**What the task asks:**
Search the listing below for the line containing "LG Electronics 60PB4D". From there through the line containing "Voluspa Large Glass", transcribe every line exactly, both ends included.

START Exercise material

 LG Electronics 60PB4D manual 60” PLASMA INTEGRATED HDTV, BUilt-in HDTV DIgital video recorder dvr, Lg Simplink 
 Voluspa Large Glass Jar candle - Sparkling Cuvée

END Exercise material
START Exercise material

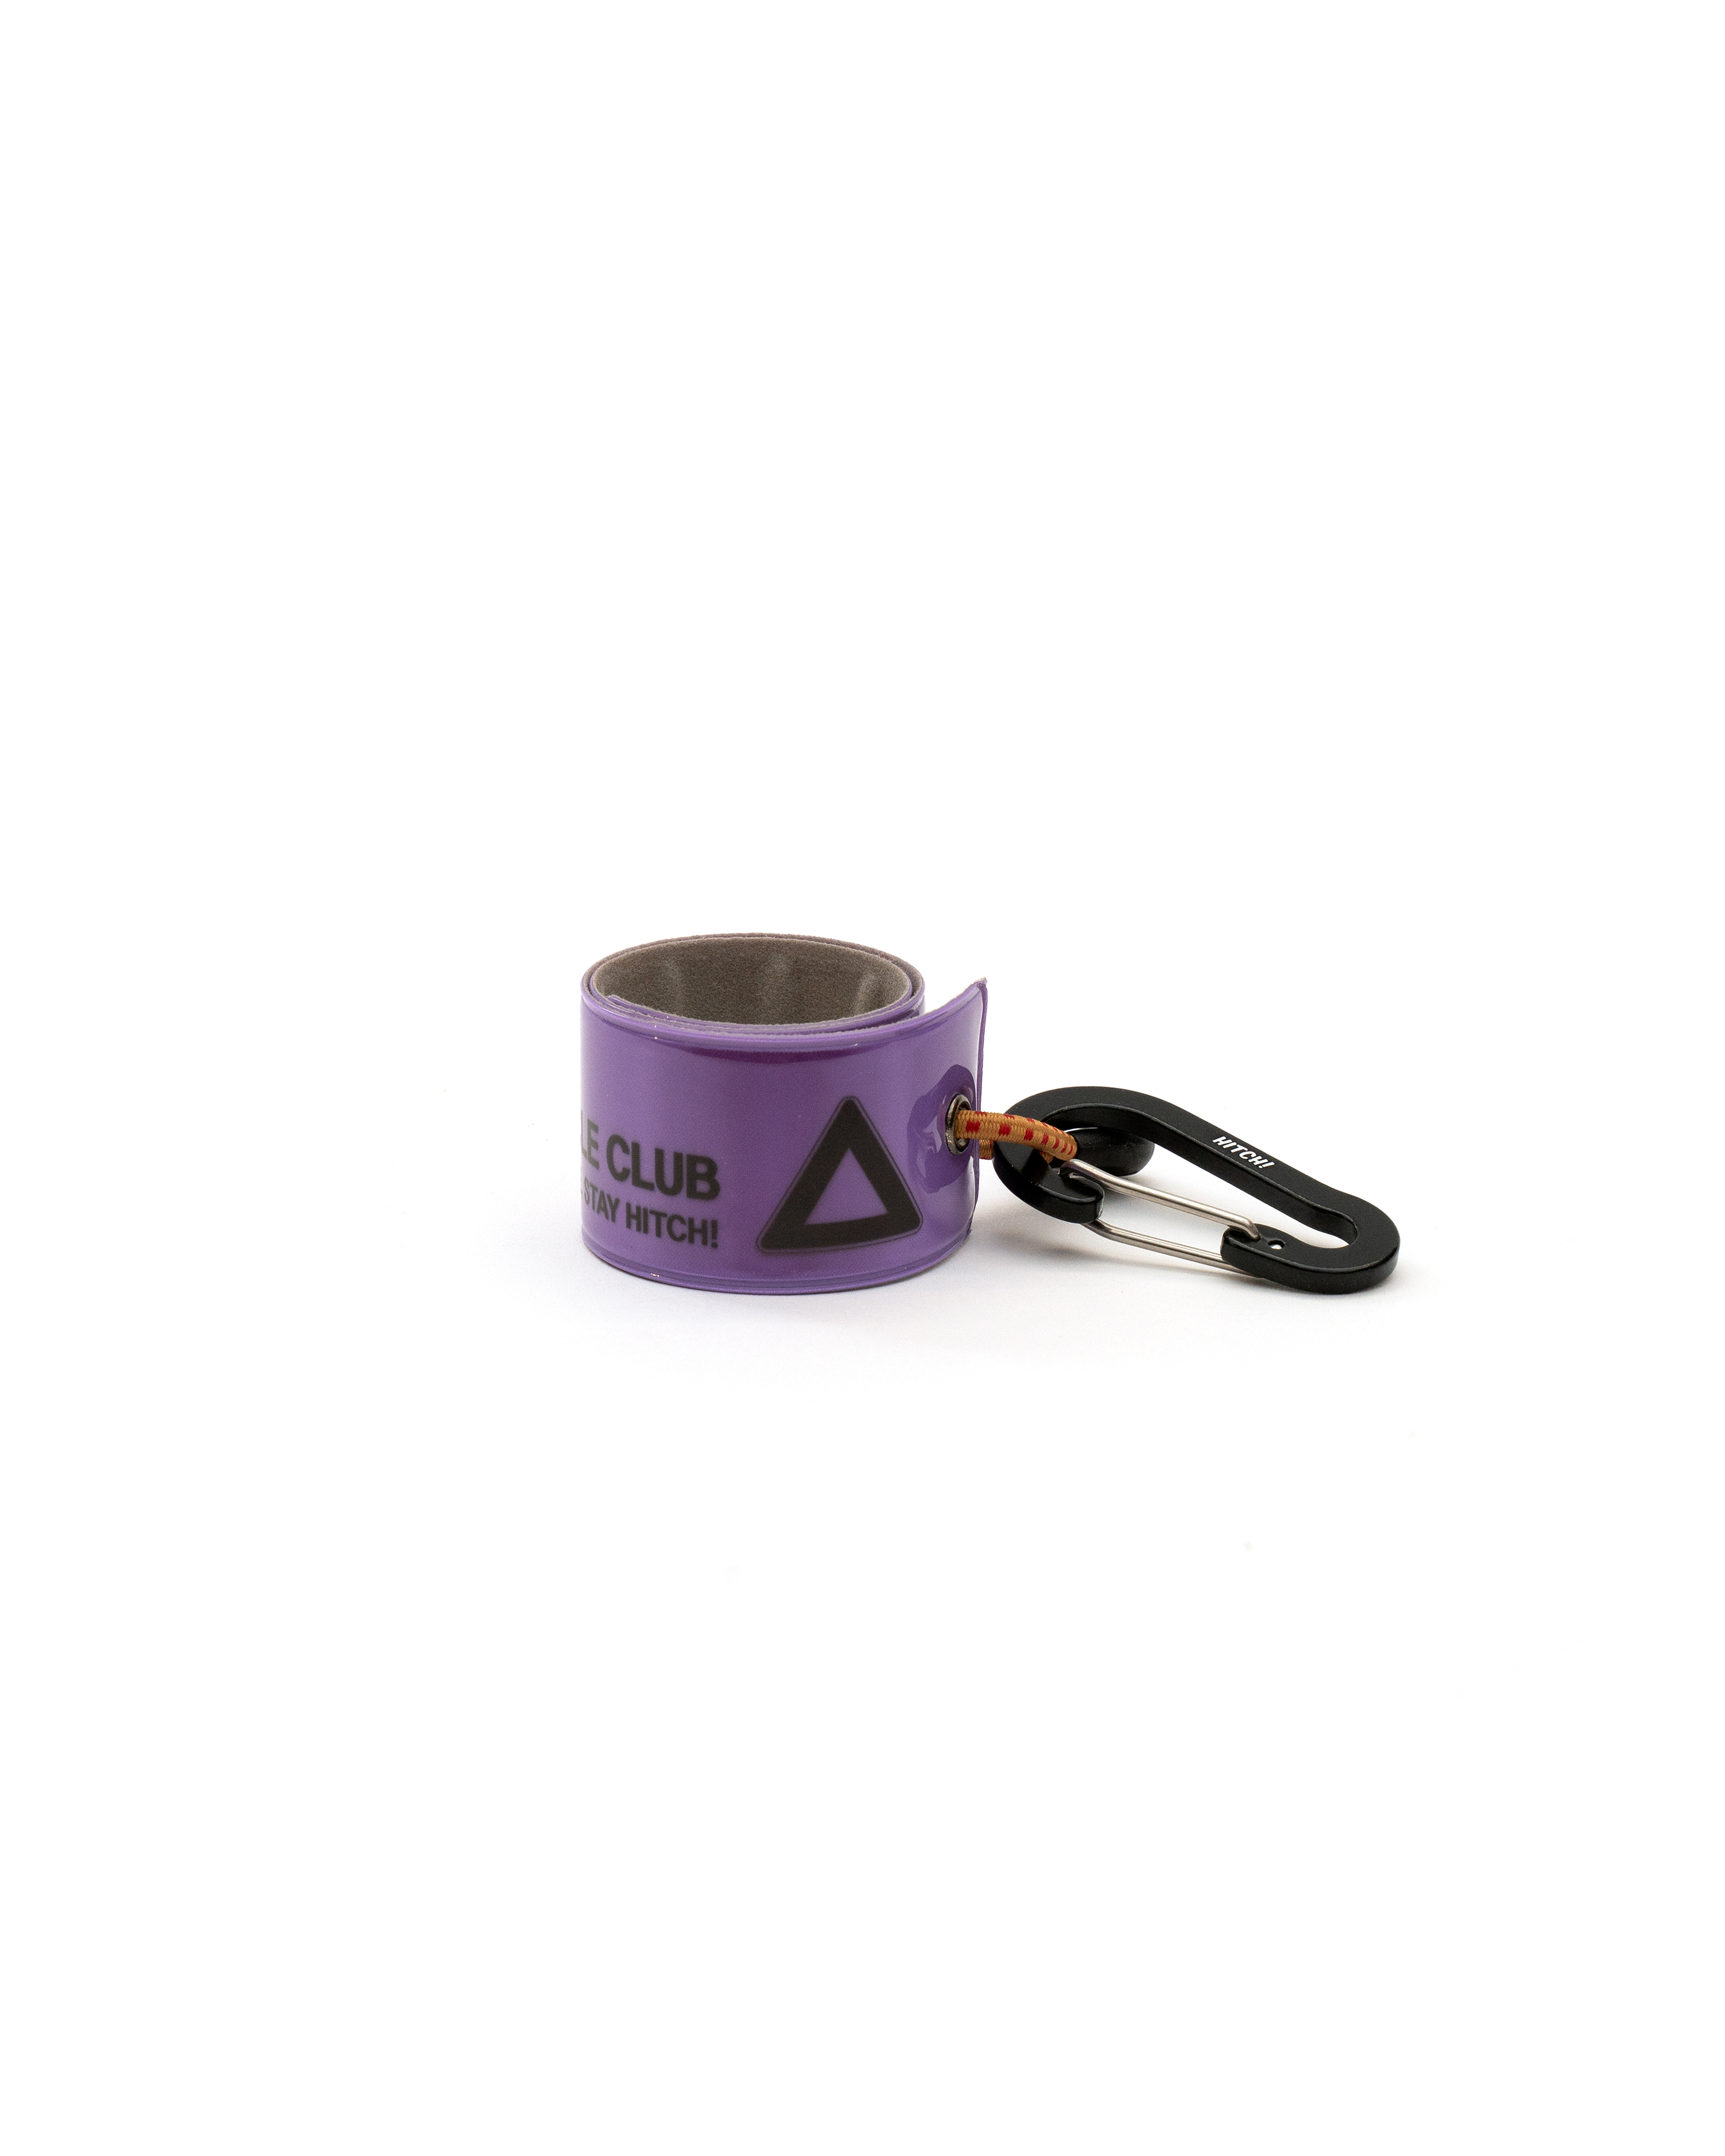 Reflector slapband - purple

END Exercise material

**Exercise answer:**
 LG Electronics 60PB4D manual 60” PLASMA INTEGRATED HDTV, BUilt-in HDTV DIgital video recorder dvr, Lg Simplink 
 Voluspa Large Glass Jar candle - Sparkling Cuvée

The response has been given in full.